賈凱慧，李占君，姚遠(yuǎn)，楊逢建*

(1.森林植物生態(tài)學(xué)教育部重點實驗室(東北林業(yè)大學(xué))，哈爾濱 150040； 2.黑龍江省林業(yè)科學(xué)院伊春分院，黑龍江 伊春 153000)

0 引言

紫蘇(Perillafrutescens)，別名白蘇、荏子和赤蘇等，為唇形科(Ladiatae)紫蘇屬(Perilla)1年生草本植物，原產(chǎn)于我國，主要分布在中國、不丹、印度、印度尼西亞、日本和朝鮮等，我國各地廣泛栽培[1]。

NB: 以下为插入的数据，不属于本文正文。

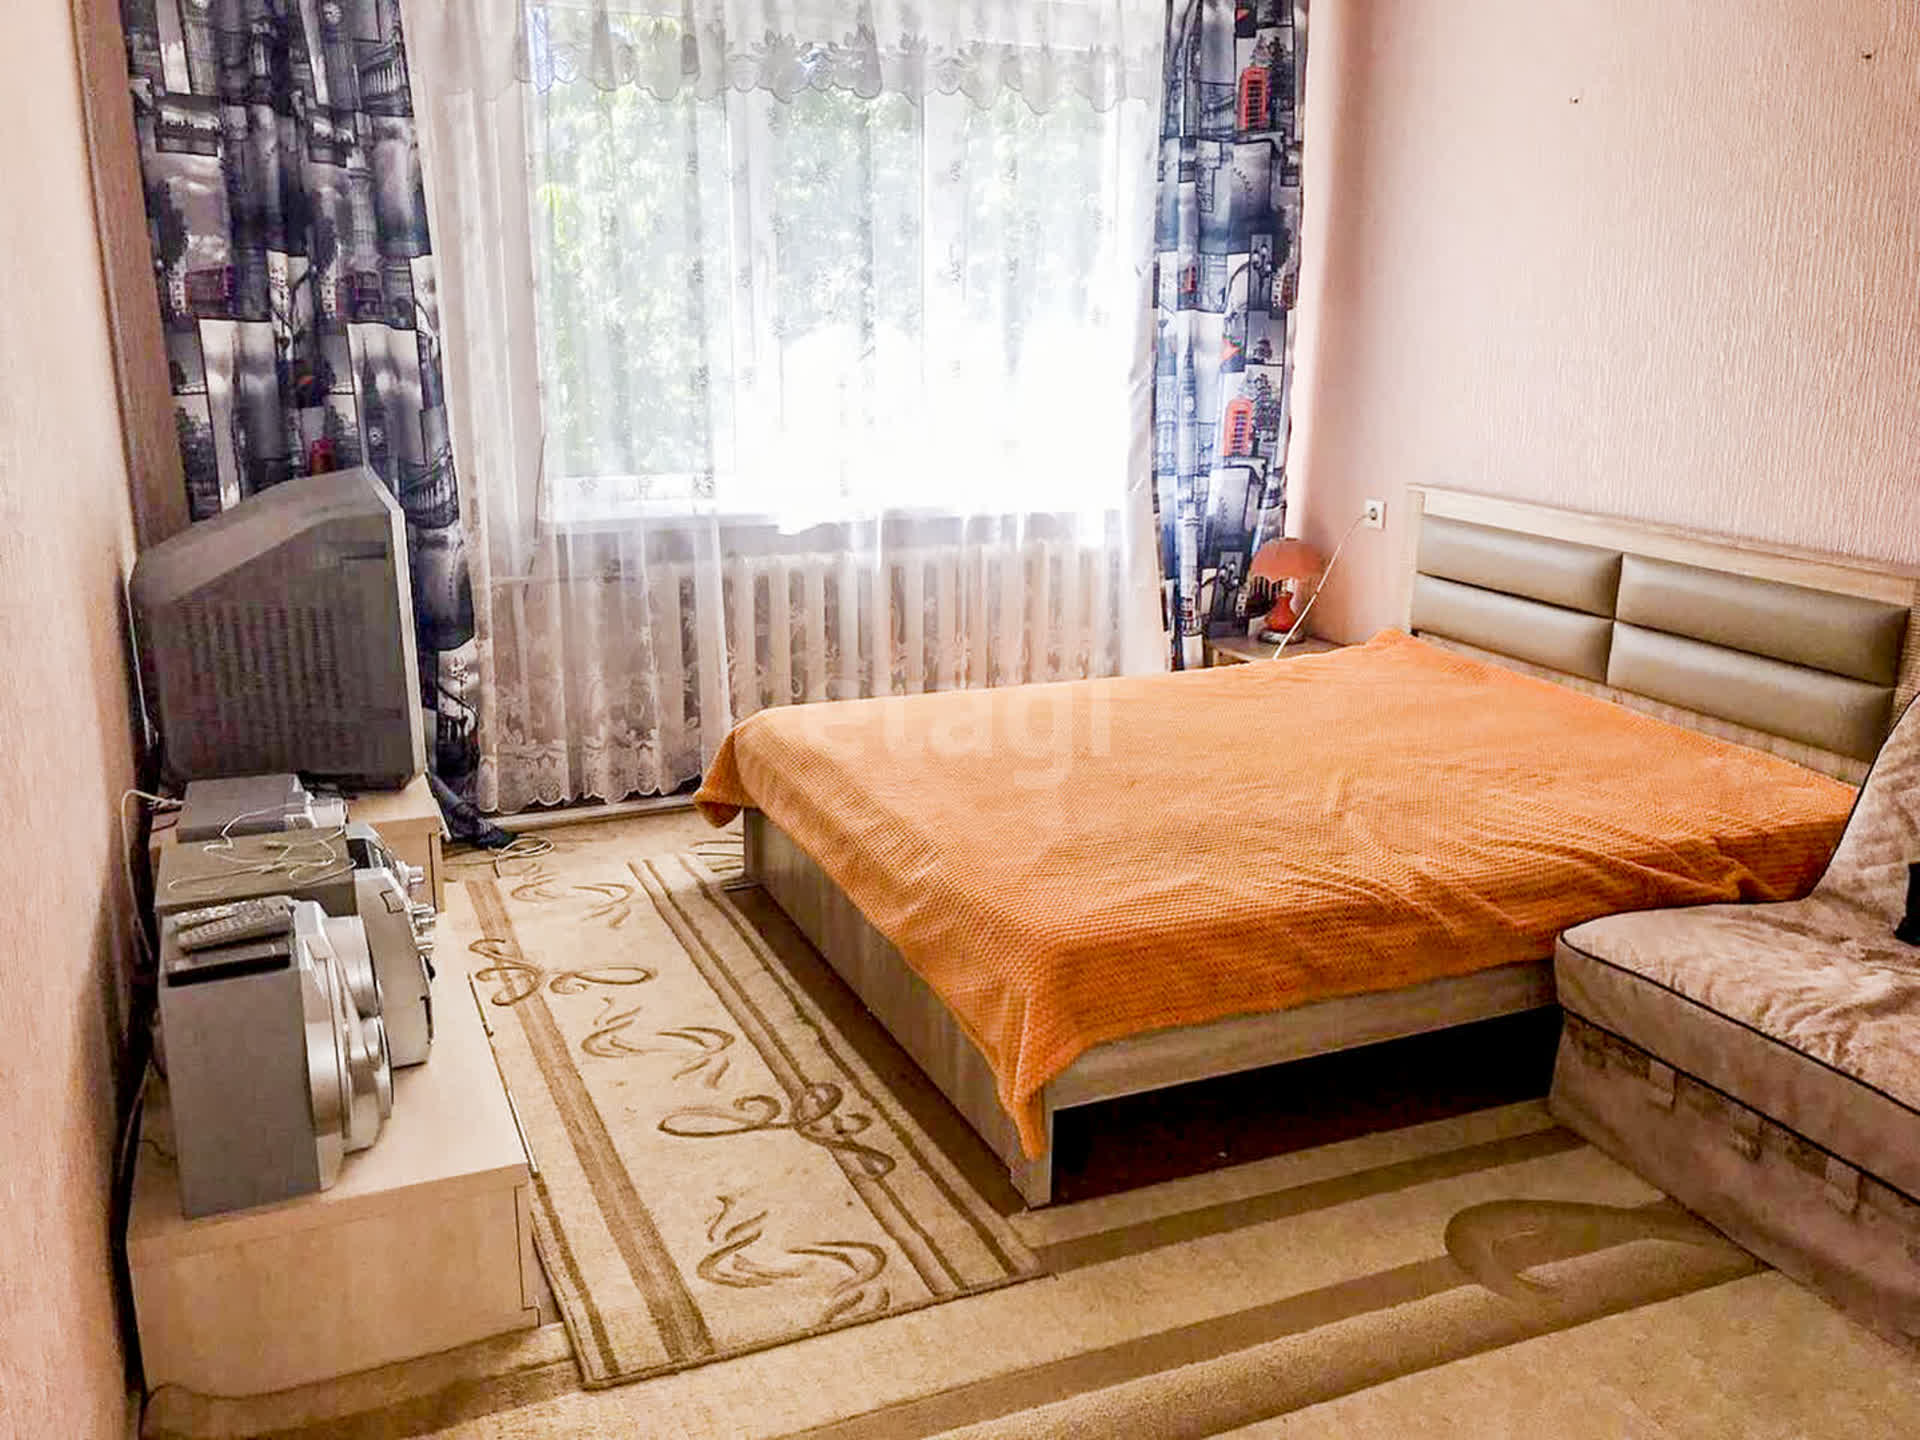 Киевская 167 Симферополь. Купить квартиру в симферополе 1 комнатную недорого

紫蘇適應(yīng)性強，對土壤要求不高，在排水較好的砂質(zhì)壤土、壤土、黏土上均能良好生長，且較耐高溫。莖綠色或紫色，鈍四棱形，具四槽，密被長柔毛；葉對生，寬卵形或圓卵形，邊緣有粗圓齒，兩面呈紫色或背面一面紫色以及兩面全綠色[2]。籽近球形或扁球形，種皮灰褐色，具特殊草木香味[3-4]。紫蘇可供藥用和香料用，入藥部分以莖葉和籽實為主，葉有鎮(zhèn)痛、鎮(zhèn)靜、解毒作用，梗有平氣安胎之功，籽能鎮(zhèn)咳、祛痰、平喘、發(fā)散精神之沉悶；葉又供食用，與肉類煮熟可增加肉類的香味[5]。

紫蘇籽油是世界上α-亞麻酸含量最高的植物油之一，具有抗氧化、抗癌癥和降低心血管疾病等功效，被譽為“陸地上的深海魚油”[6]。當(dāng)前，對紫蘇籽油提取已有大量研究，但紫蘇籽油加工過程中產(chǎn)生的副產(chǎn)物——紫蘇粕常作為廢物、農(nóng)業(yè)肥料或動物飼料[7-8]，對其研究較少。紫蘇粕含有豐富的蛋白質(zhì)、纖維和酚酸類等物質(zhì)[9 -10]，其中酚酸類物質(zhì)中的迷迭香酸(Rosmarinic Acid，RosA)是有一定生理活性的天然化合物，且含量較高[11-13]，具有抗氧化、清除自由基、消炎、抗血栓和抗血小板凝集等作用[14-16]，抗氧化活性強于綠原酸、咖啡酸、葉酸和維生素 E等[17]，因此，從紫蘇粕中提取RosA具有重要意義。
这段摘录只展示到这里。